**Supplied material**
■ ■ ■ ■ ■

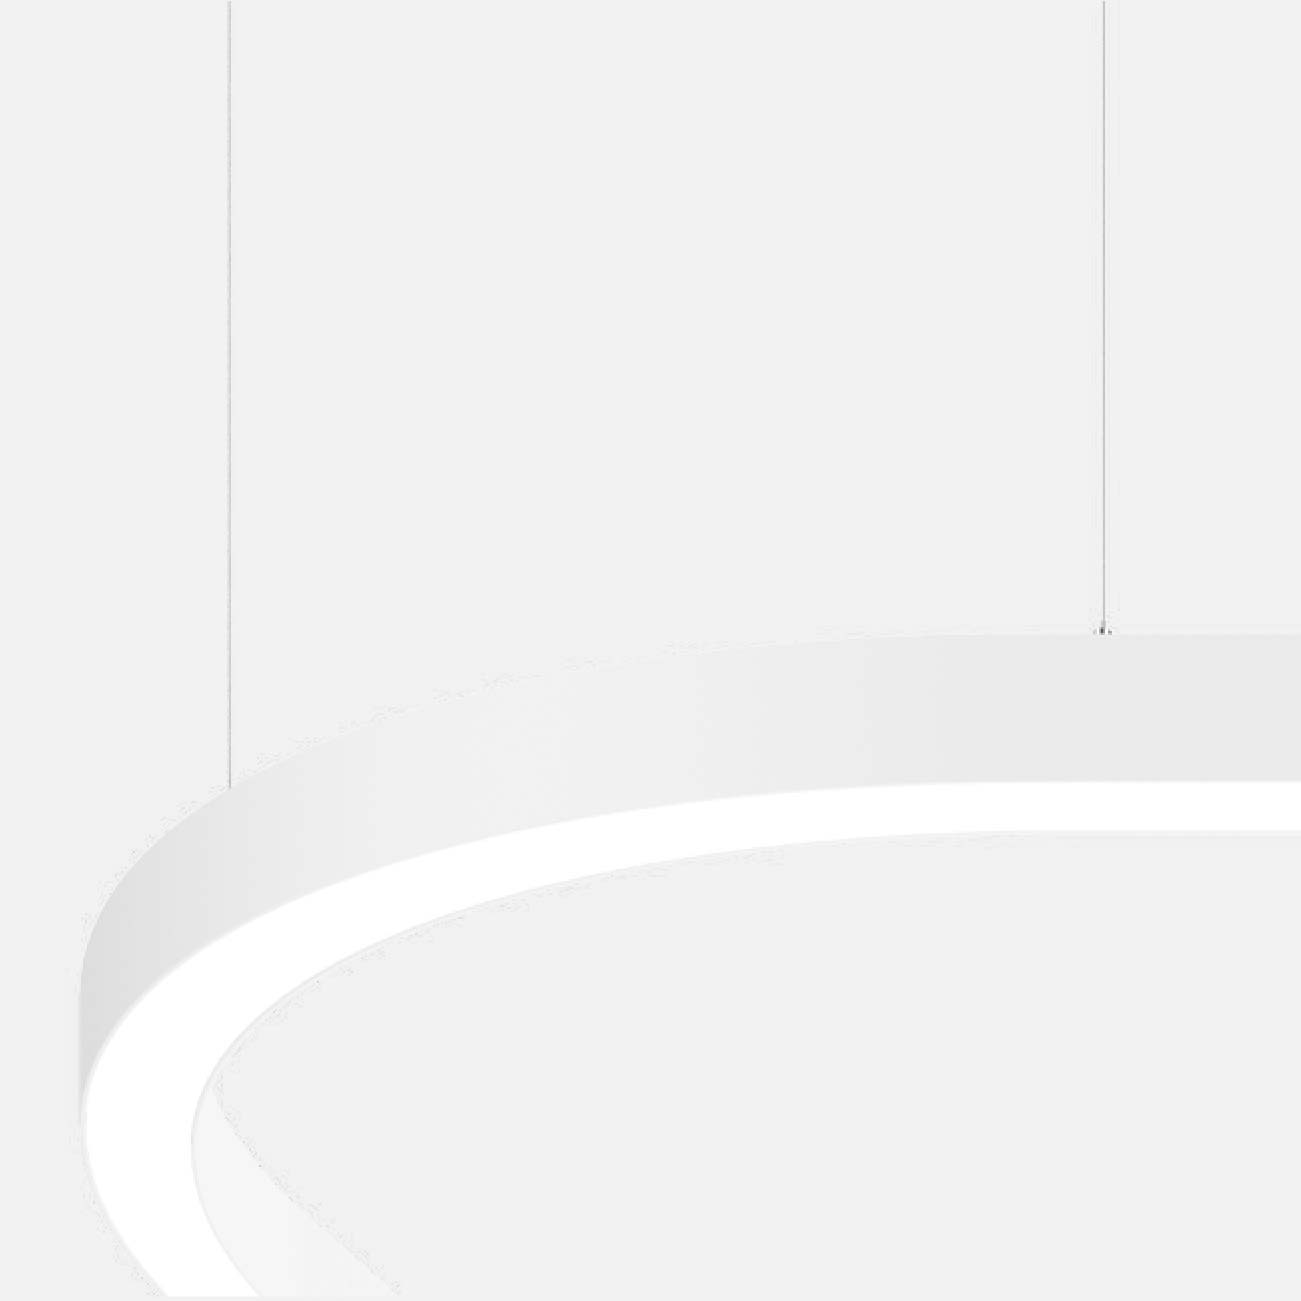 Mino 60 curve 01
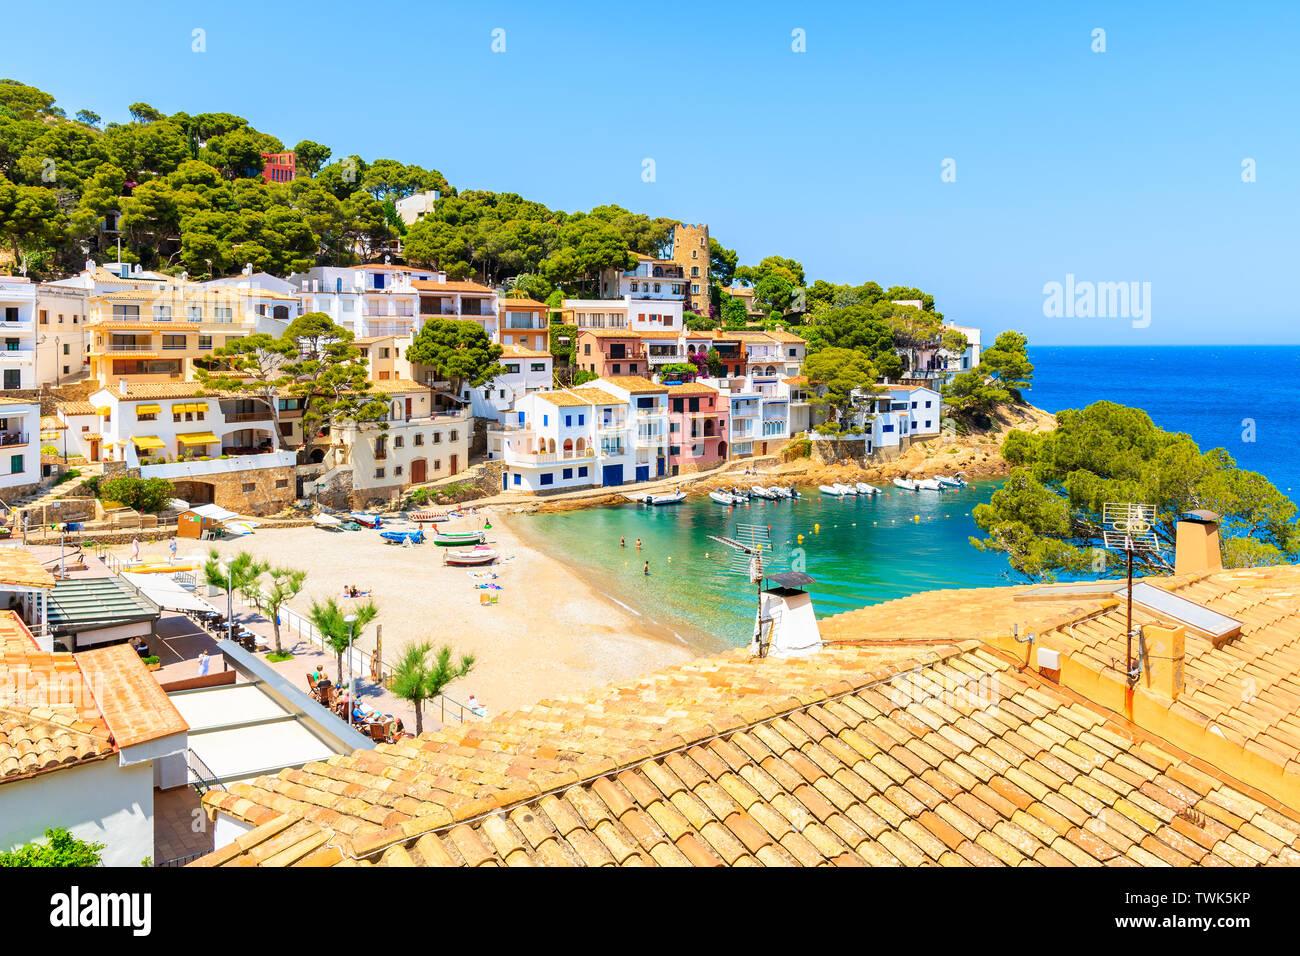 View of colorful houses in sea bay with beach in Sa Tuna coastal village, Costa Brava, Spain Stock Photo
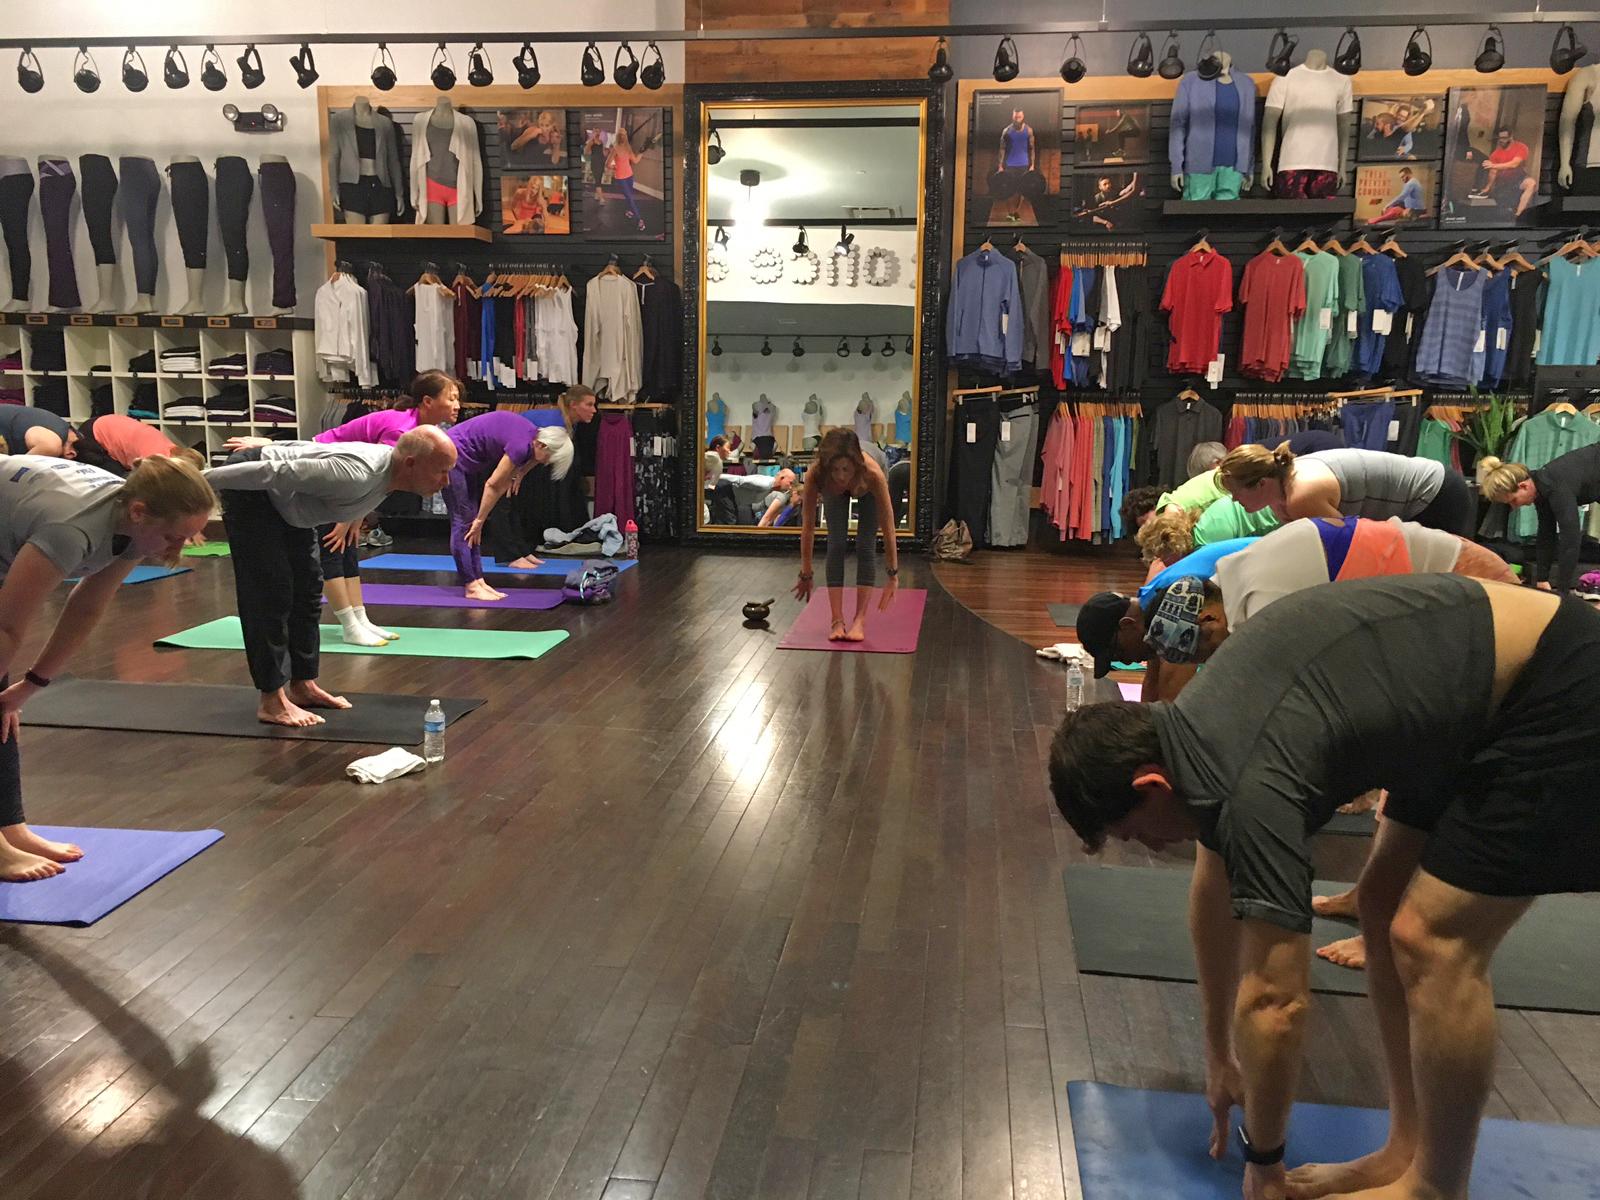 Libby McAvoy teaching yoga at Lululemon Athletica
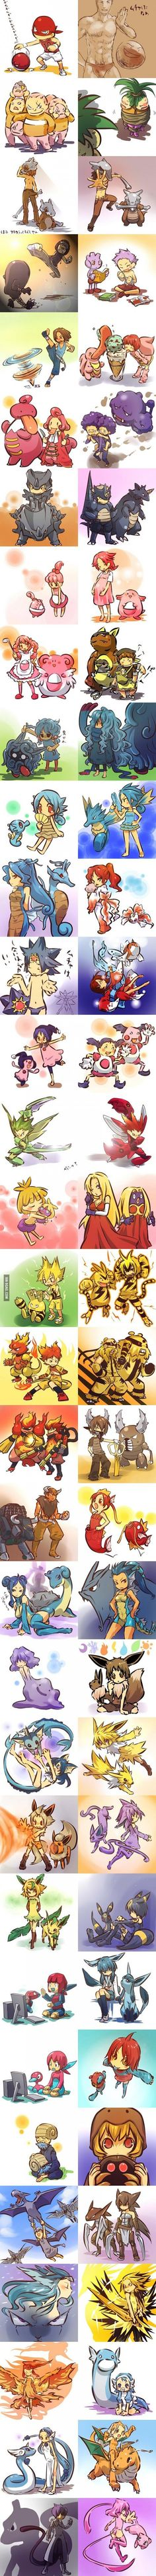 If pokemon were humans part II. Left Jotto

■ ■ ■ ■ ■

**Instructions for the task**
Pass over the images and copy the rest of the material above exactly.

**Answer**
 Mino 60 curve 01
 View of colorful houses in sea bay with beach in Sa Tuna coastal village, Costa Brava, Spain Stock Photo
 Libby McAvoy teaching yoga at Lululemon Athletica
 If pokemon were humans part II. Left Jotto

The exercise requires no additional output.